## Provided material
┄┄┄┄┄┄

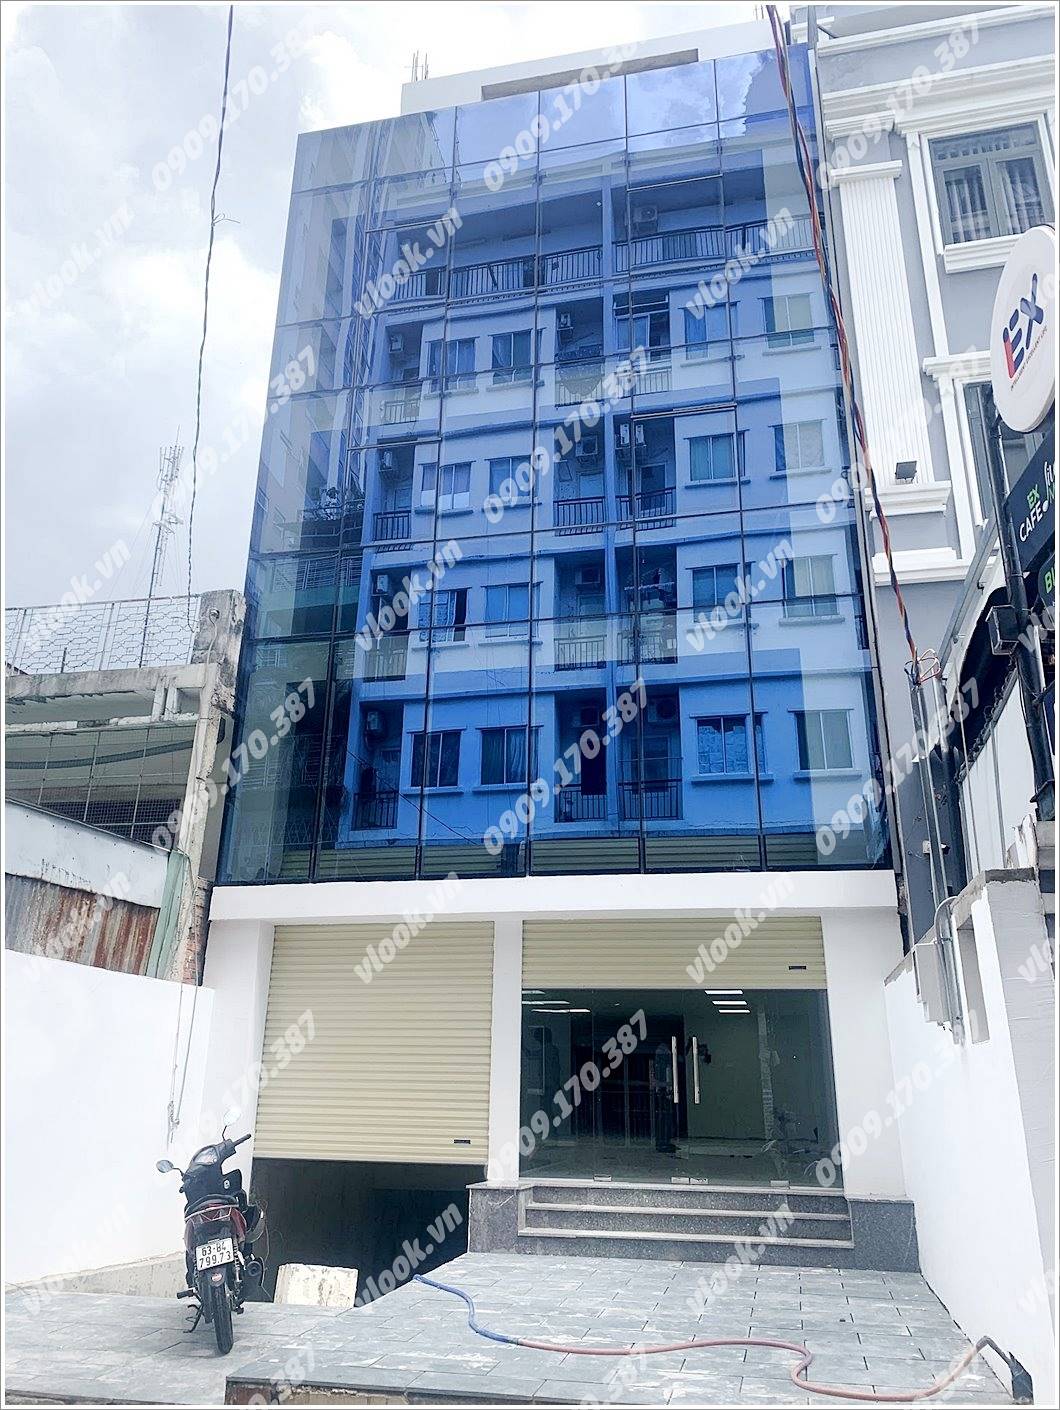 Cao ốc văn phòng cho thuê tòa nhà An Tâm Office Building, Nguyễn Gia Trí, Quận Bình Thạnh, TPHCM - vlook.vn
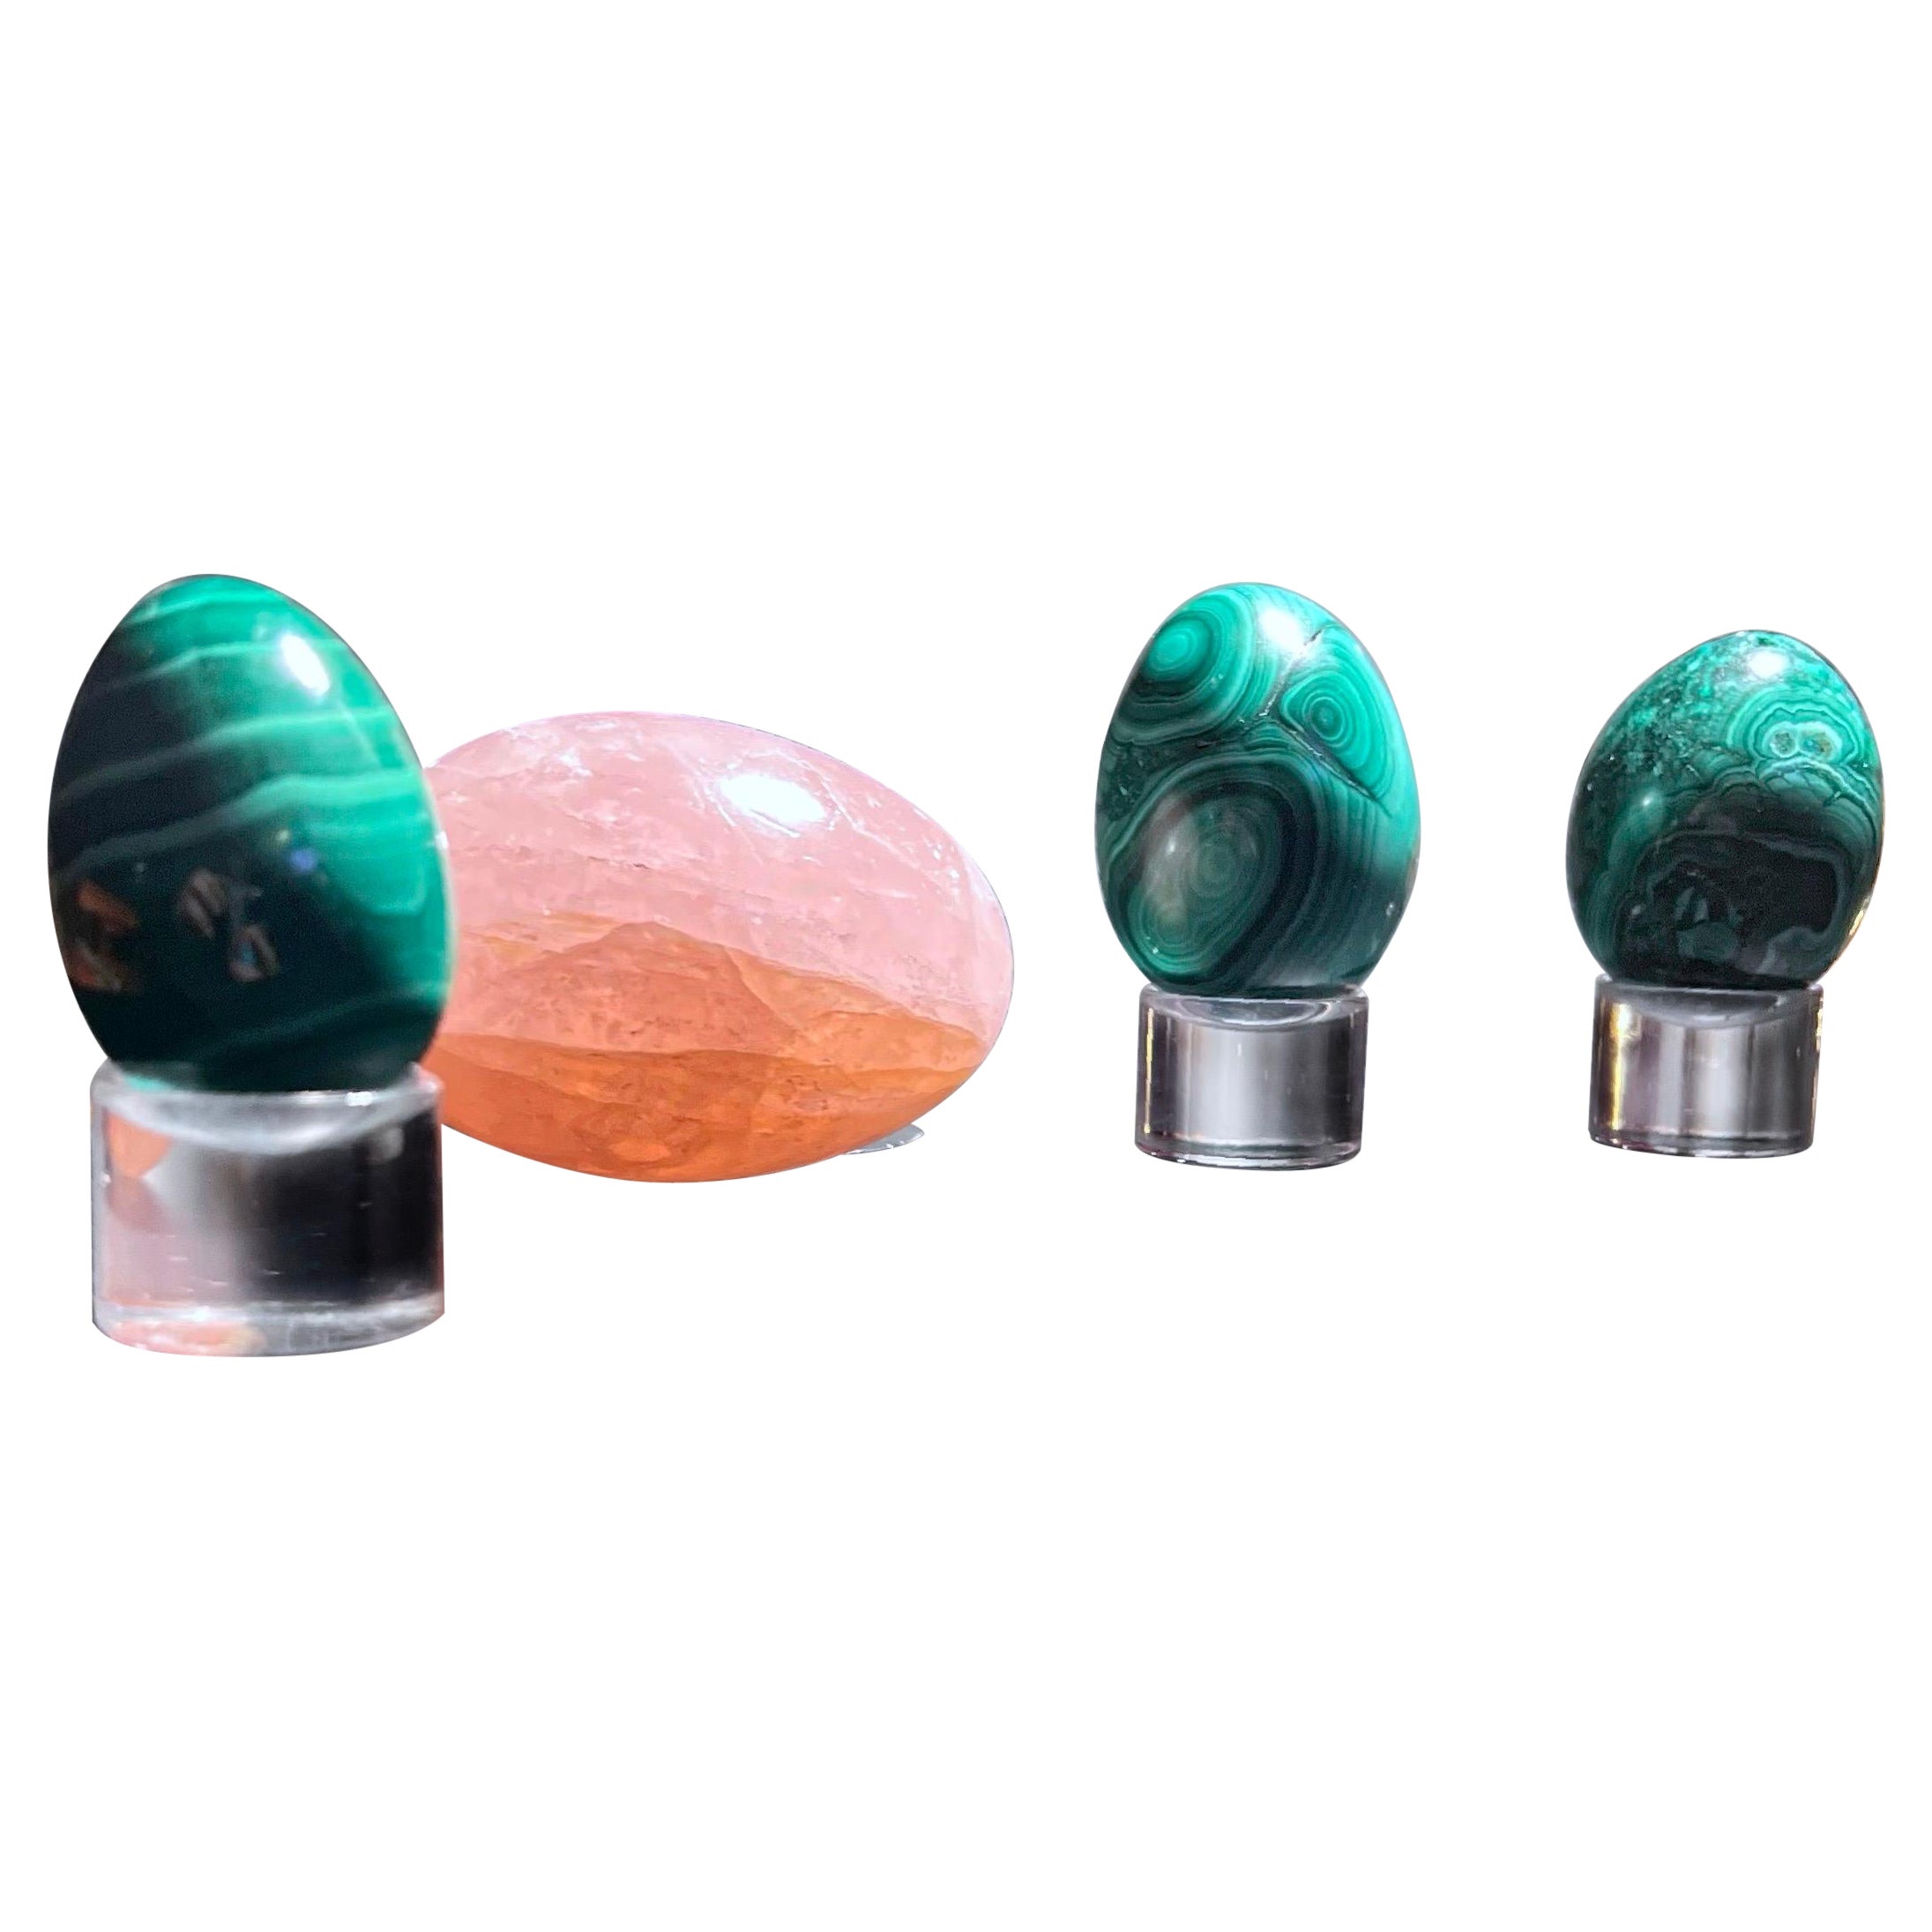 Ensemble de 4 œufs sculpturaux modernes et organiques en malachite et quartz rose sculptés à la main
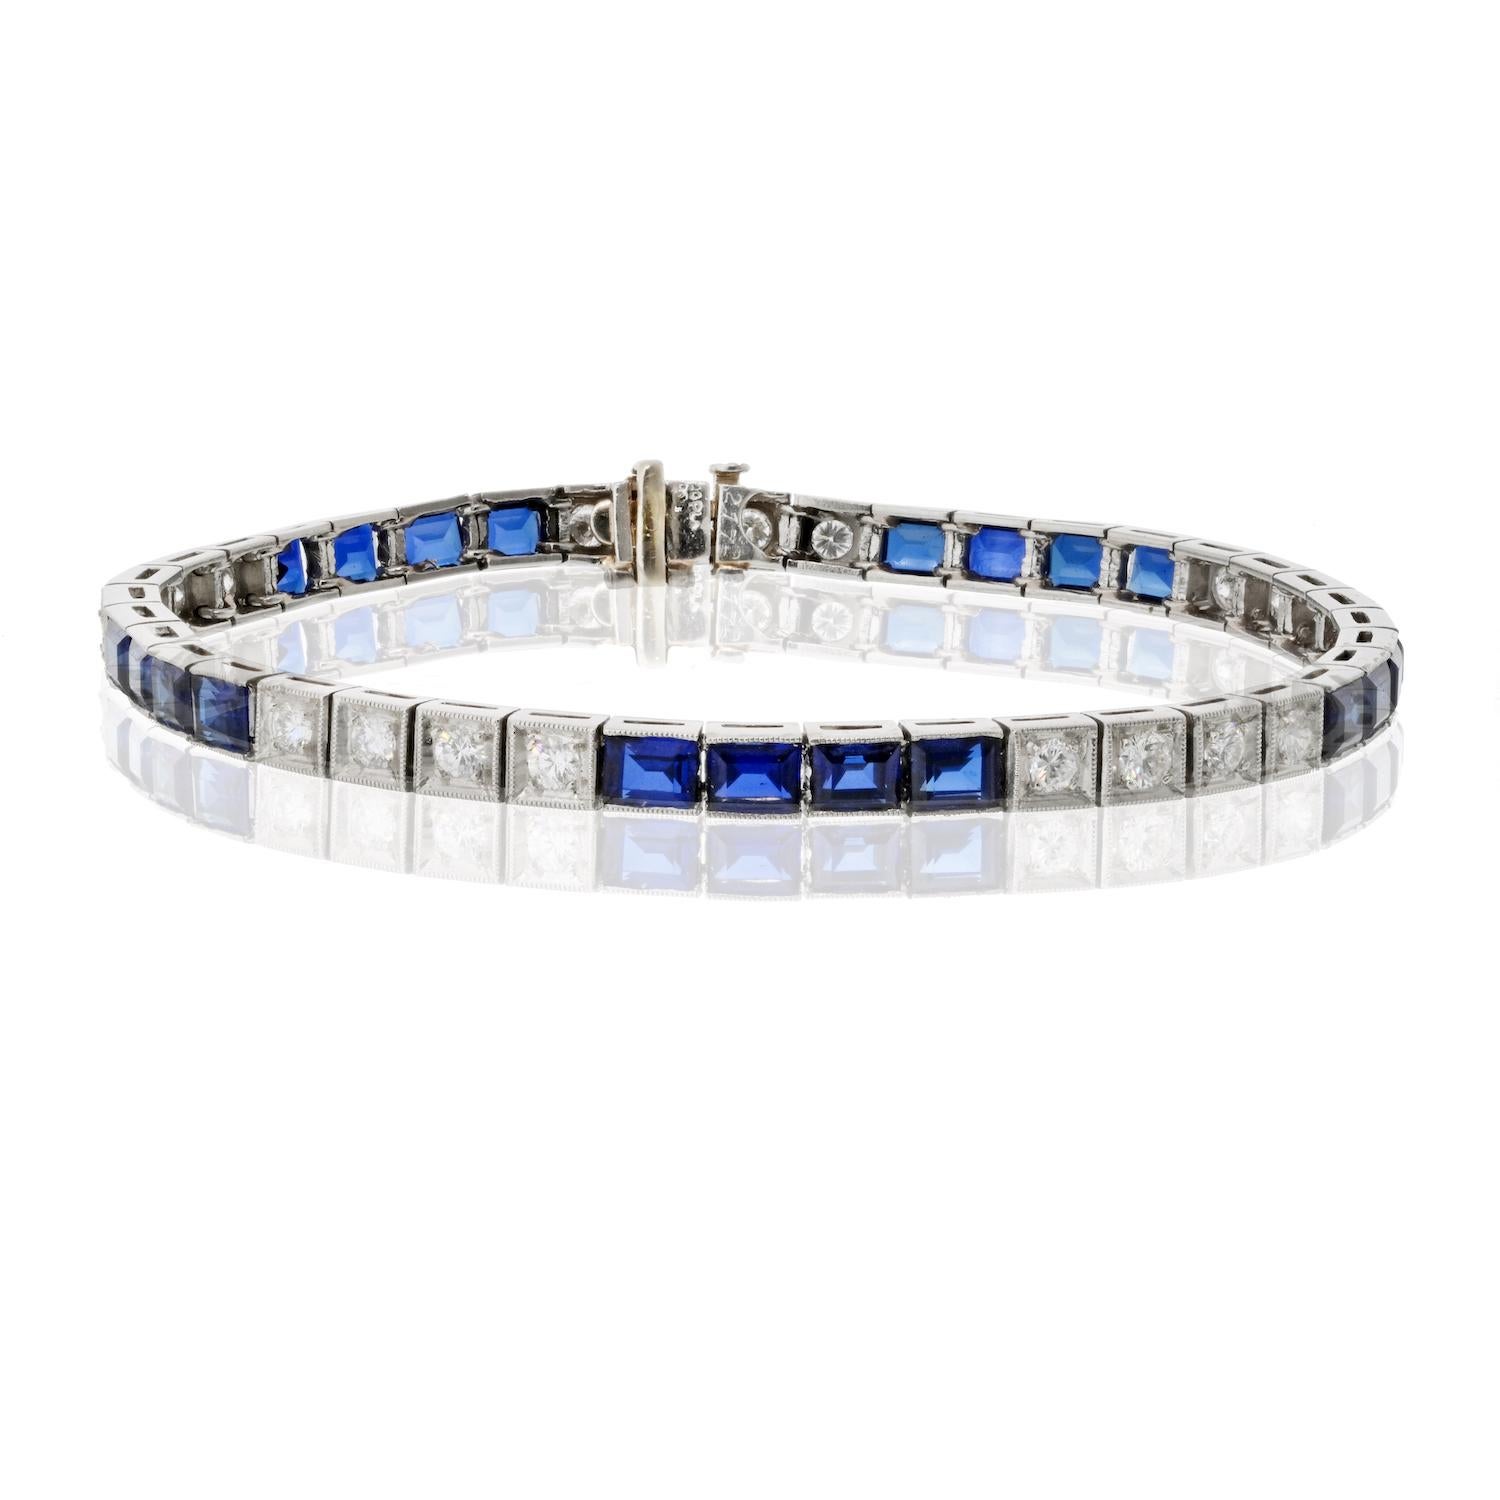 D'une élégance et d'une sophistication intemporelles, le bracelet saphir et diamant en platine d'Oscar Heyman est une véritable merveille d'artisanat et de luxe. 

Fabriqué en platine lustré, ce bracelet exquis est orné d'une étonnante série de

┄┄┄┄┄┄

## Required action
Only the pictures are to be left out, and all of the data must otherwise be transcribed exactly.

## Answer to the problem
 Cao ốc văn phòng cho thuê tòa nhà An Tâm Office Building, Nguyễn Gia Trí, Quận Bình Thạnh, TPHCM - vlook.vn
 Ensemble de 4 œufs sculpturaux modernes et organiques en malachite et quartz rose sculptés à la main
 D'une élégance et d'une sophistication intemporelles, le bracelet saphir et diamant en platine d'Oscar Heyman est une véritable merveille d'artisanat et de luxe. 

Fabriqué en platine lustré, ce bracelet exquis est orné d'une étonnante série de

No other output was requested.